**Aim of the exercise**
What follows is a listing to transcribe exactly, leaving the pictures out.

**Data below**
::::::

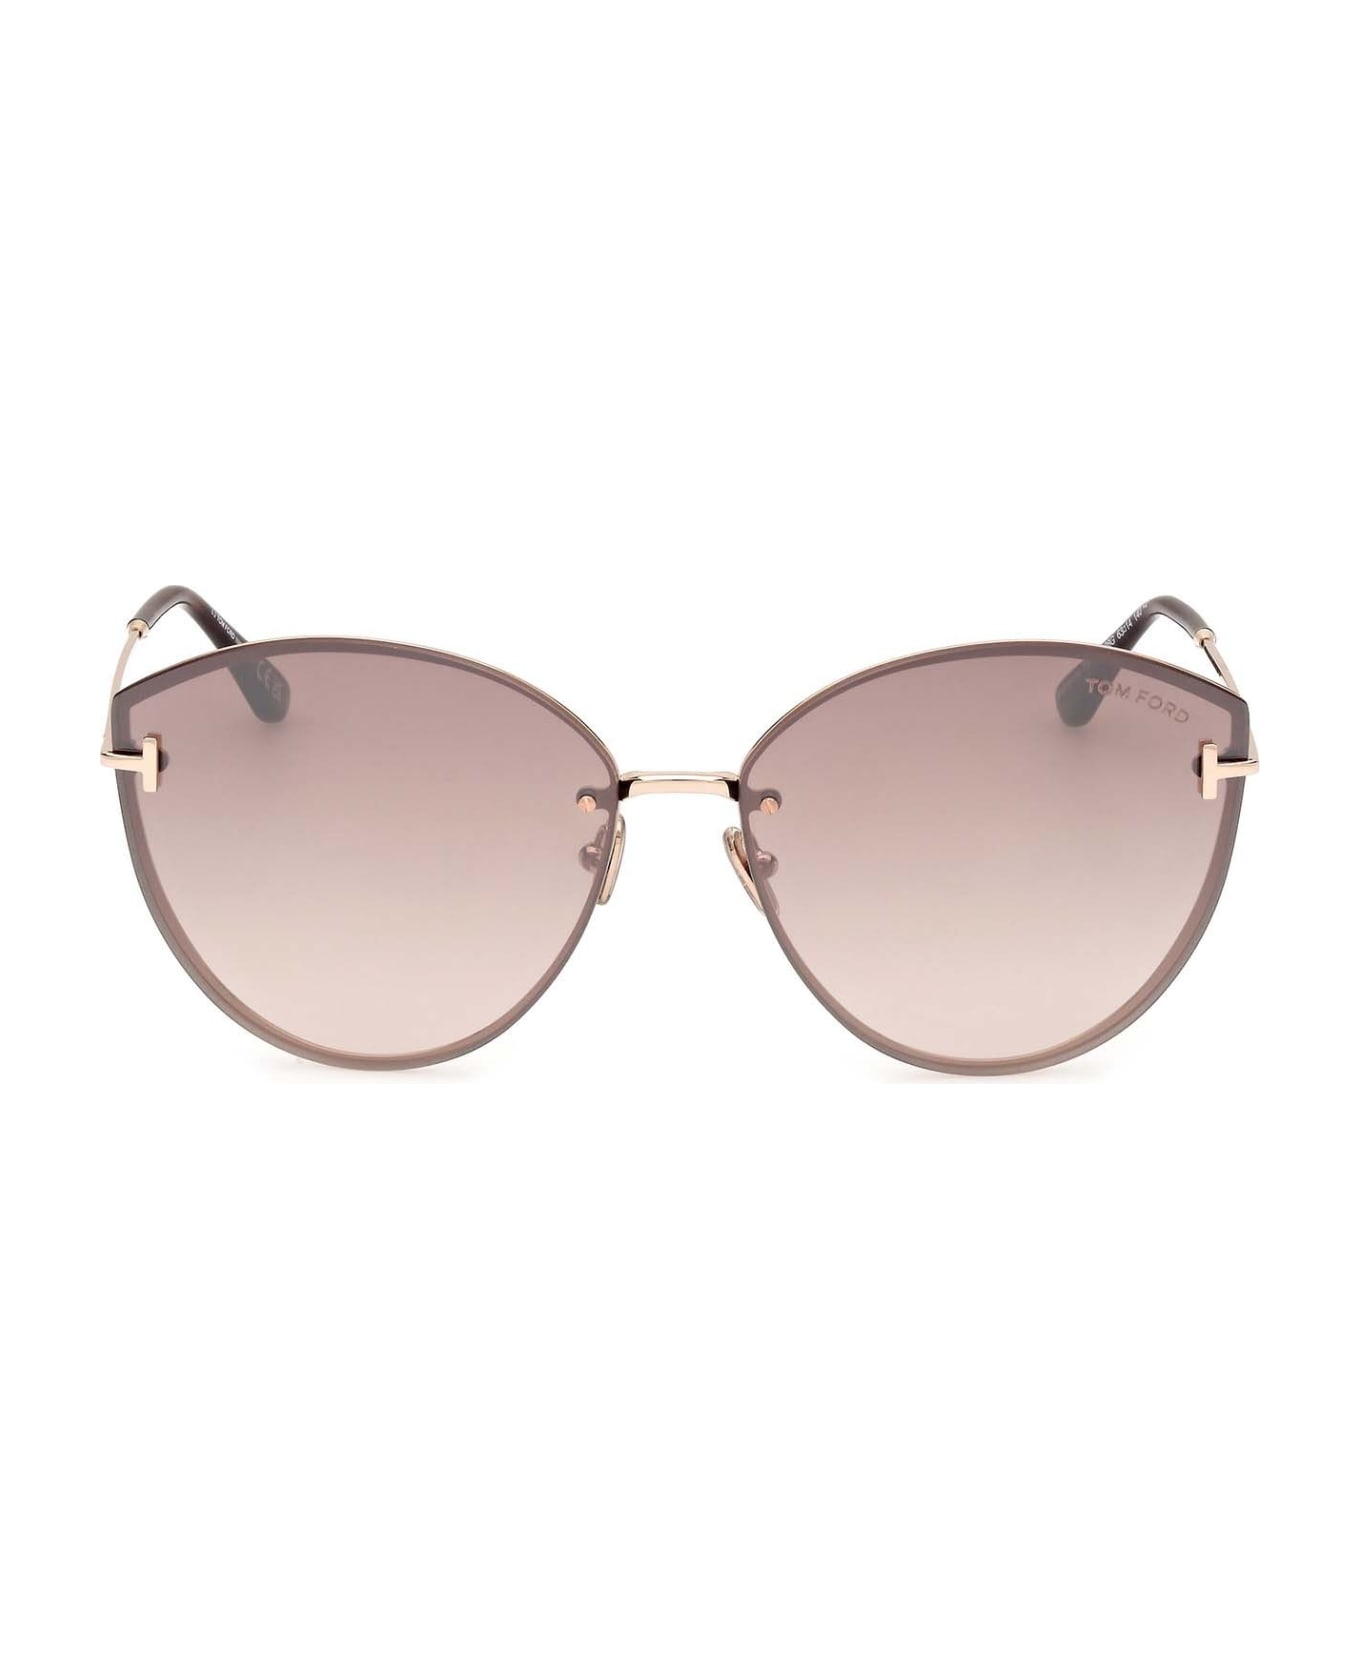 Tom Ford Eyewear Sunglasses - Rosa/Rosa
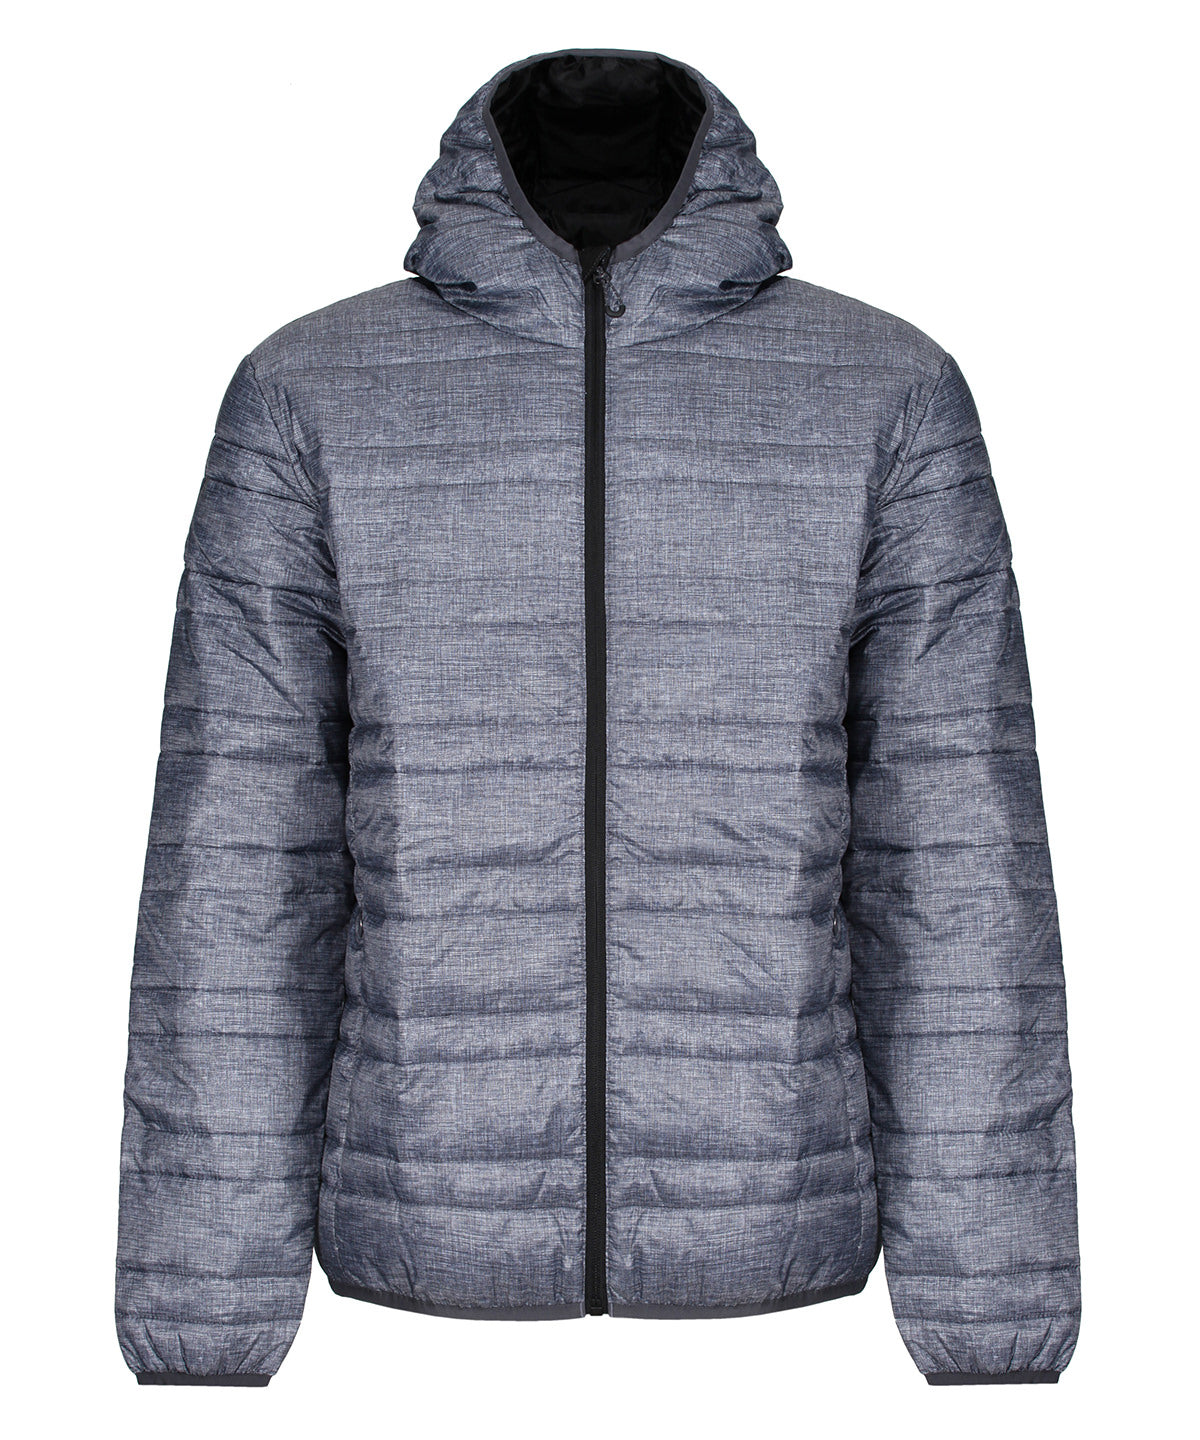 Hooded firedown packaway baffle jacket
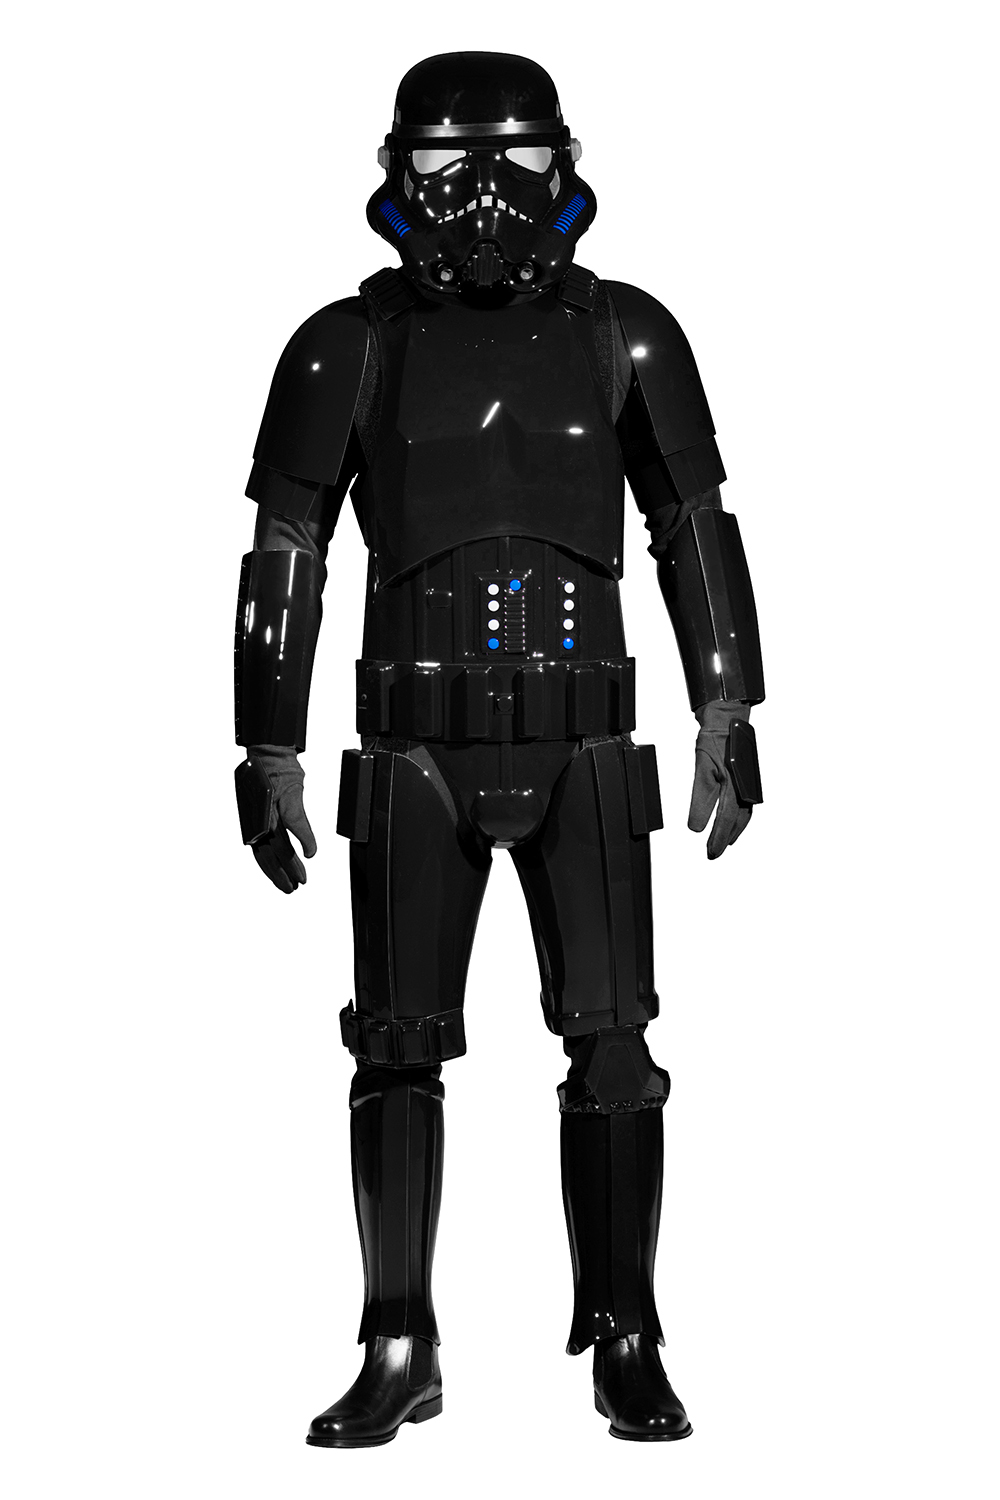 Shadowtrooper costumer from JediRobeAmerica.com

::::::

**Task response**
 Tom Ford Eyewear Sunglasses - Rosa/Rosa
 Hooded firedown packaway baffle jacket
 Shadowtrooper costumer from JediRobeAmerica.com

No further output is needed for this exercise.